On March 12, 2015, the Federal Communications Commission issued a 400-page ruling entitled “Report and Order on Remand, Declaratory Ruling, and Order.”
By the Commission: Chairman Tom Wheeler and Commissioners Mignon Clyburn and Jessica Rosenworcel issuing separate statements; Commissioners Ajit Pai and Michael O’Rielly dissenting and issuing separate statements.
Here are a few First Amendment related excerpts from the FCC ruling and order:
- Benefit to Public: “Informed by the views of nearly 4 million commenters, our staff-led roundtables, numerous ex parte presentations, meetings with individual Commissioners and staff, and more, our decision today—once and for all—puts into place strong, sustainable rules, grounded in multiple sources of our legal authority, to ensure that Americans reap the economic, social, and civic benefits of an open Internet today and into the future.”

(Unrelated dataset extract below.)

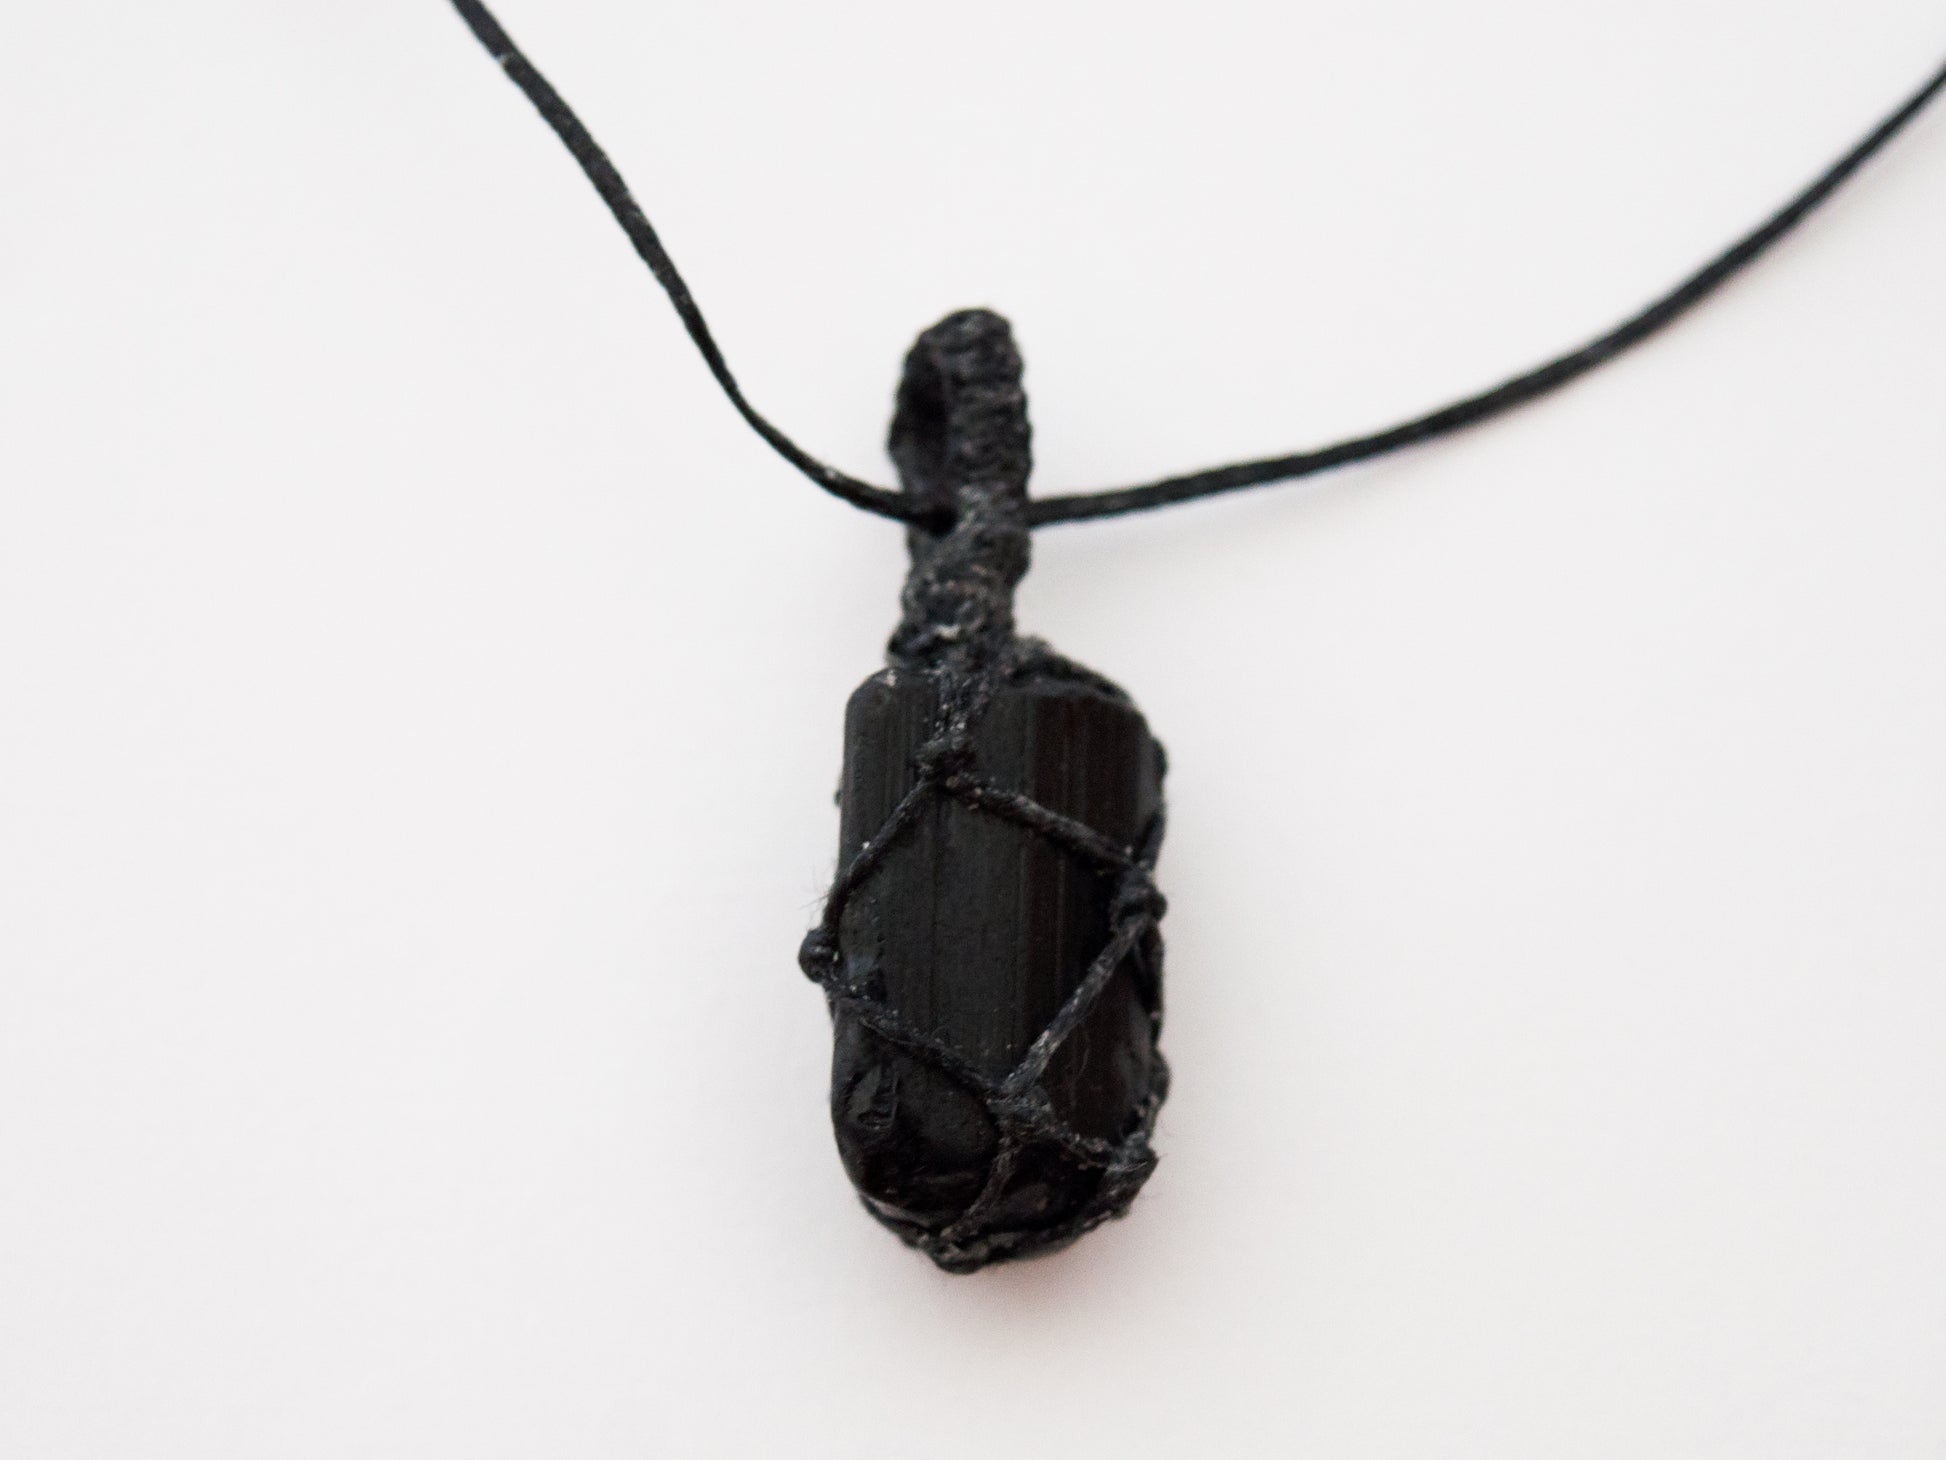 MeldedMind 15in Black Tourmaline Crystal with Adjustable Black Rope Necklace  151 - Melded Mind Metaphysical

- Mere Transmission: “When engaged in broadband Internet access services, broadband providers are not speakers, but rather serve as conduits for the speech of others. The manner in which broadband providers operate their networks does not rise to the level of speech protected by the First Amendment. As telecommunications services, broadband Internet access services, by definition, involve transmission of network users’ speech without change in form or content, so open Internet rules do not implicate providers’ free speech rights. And even if broadband providers were considered speakers with respect to these services, the rules we adopt today are tailored to an important government interest—protecting and promoting the open Internet and the virtuous cycle of broadband deployment—so as to ensure they would survive intermediate scrutiny.”
- No Speaker Status: “Claiming free speech protections under the First Amendment necessarily involves demonstrating status as a speaker—absent speech, such rights do not attach.”

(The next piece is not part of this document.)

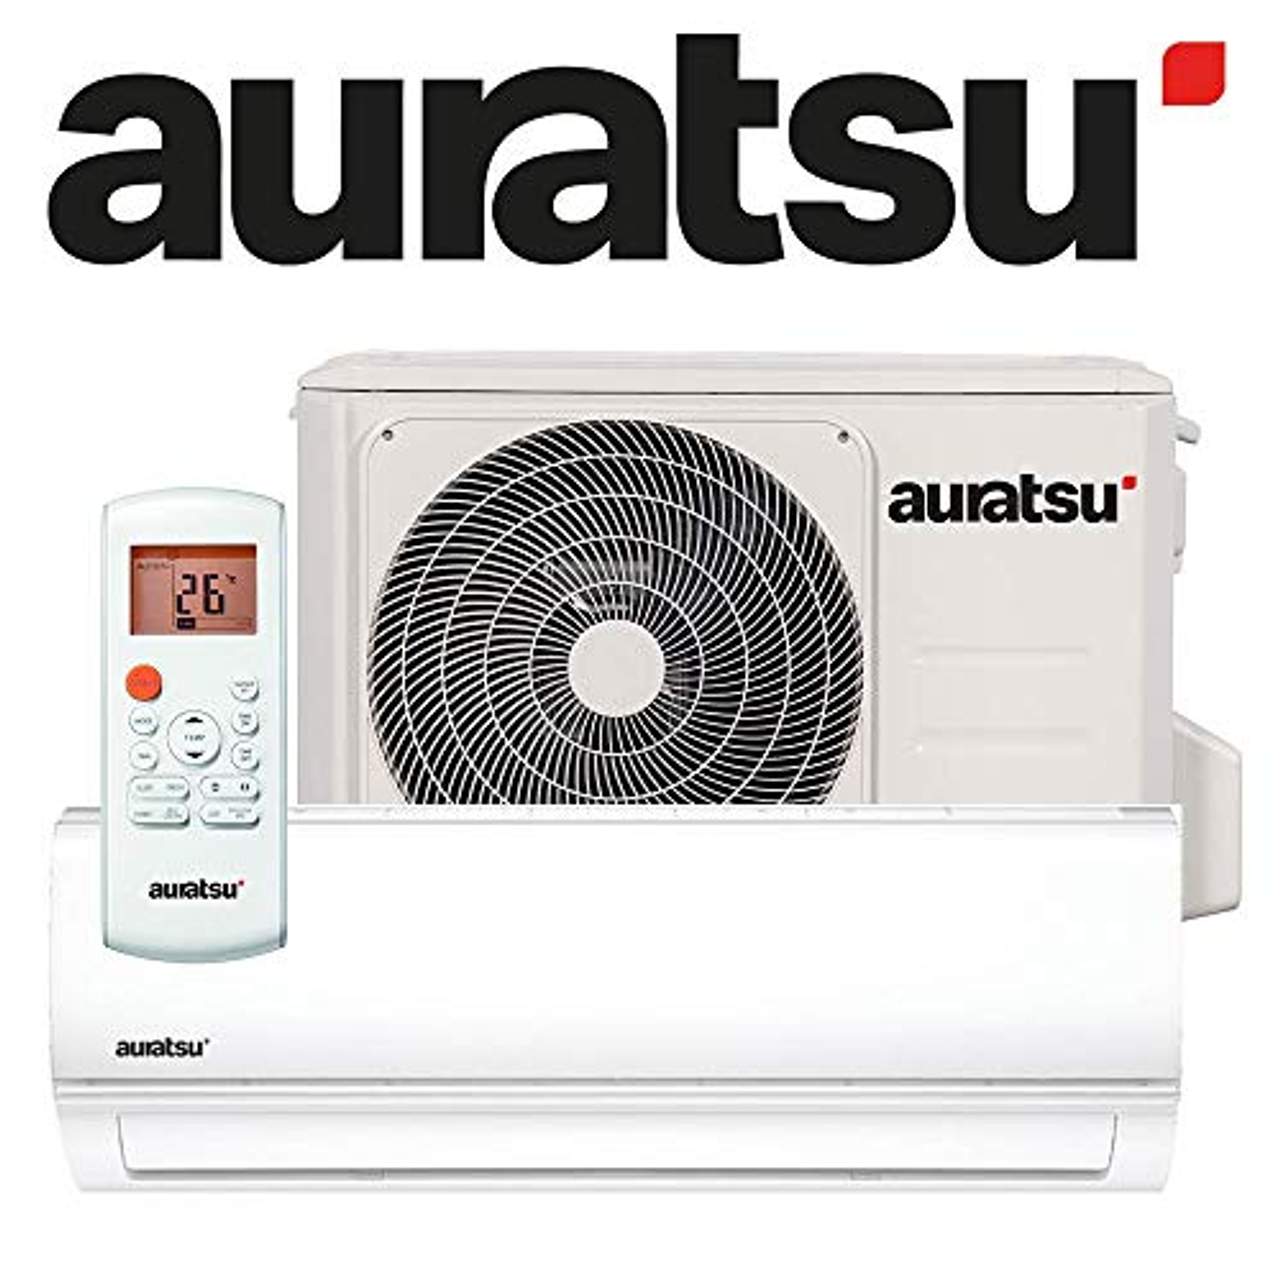 Auratsu AWX-09KTA Split Klimaanlage 2,6 kW 9000 BTU

- Limited to Access Services: “[T]he free speech interests we advance today do not inhere in broadband providers with respect to their provision of broadband Internet access services.”
- Cable Distinguished: “[B]broadband is not subject to the same limited carriage decisions that characterize cable systems—the Internet was designed as a decentralized ‘network of networks’ which is capable of delivering an unlimited variety of content, as chosen by the end user.”
- Content Neutral: “Even if open Internet rules were construed to implicate broadband providers’ rights as speakers, our rules would not violate the First Amendment because they would be considered content-neutral regulations which easily satisfy intermediate scrutiny. In determining whether a regulation is content-based or content-neutral, the ‘principal inquiry . . . is whether the government adopted a regulation of speech because of [agreement or] disagreement with the message it conveys.'”
- Narrowly Tailored: “[T]he rules here are sufficiently tailored to accomplish these government interests. The effect on speech imposed by these rules is minimal.
- Citizens United Distinguished: “Our rules governing the practices of broadband providers differ markedly from the statutory restrictions on political speech at issue in Citizens United. Our rules do not impact core political speech, where the ‘First Amendment has its fullest and most urgent application.’ By contrast, the open Internet rules apply only to the provision of broadband services in a commercial context, so reliance on the strict scrutiny standards applied in Citizens United is inapt.”
- Compelled Disclosure: “The disclosure requirements adopted as a part of our transparency rule also fall well within the confines of the First Amendment. . . . The Supreme Court has made plain in Zauderer v. Office of Disciplinary Counsel of Supreme Court of Ohio that the government has broad discretion in requiring the disclosure of information to prevent consumer deception and ensure complete information in the marketplace.”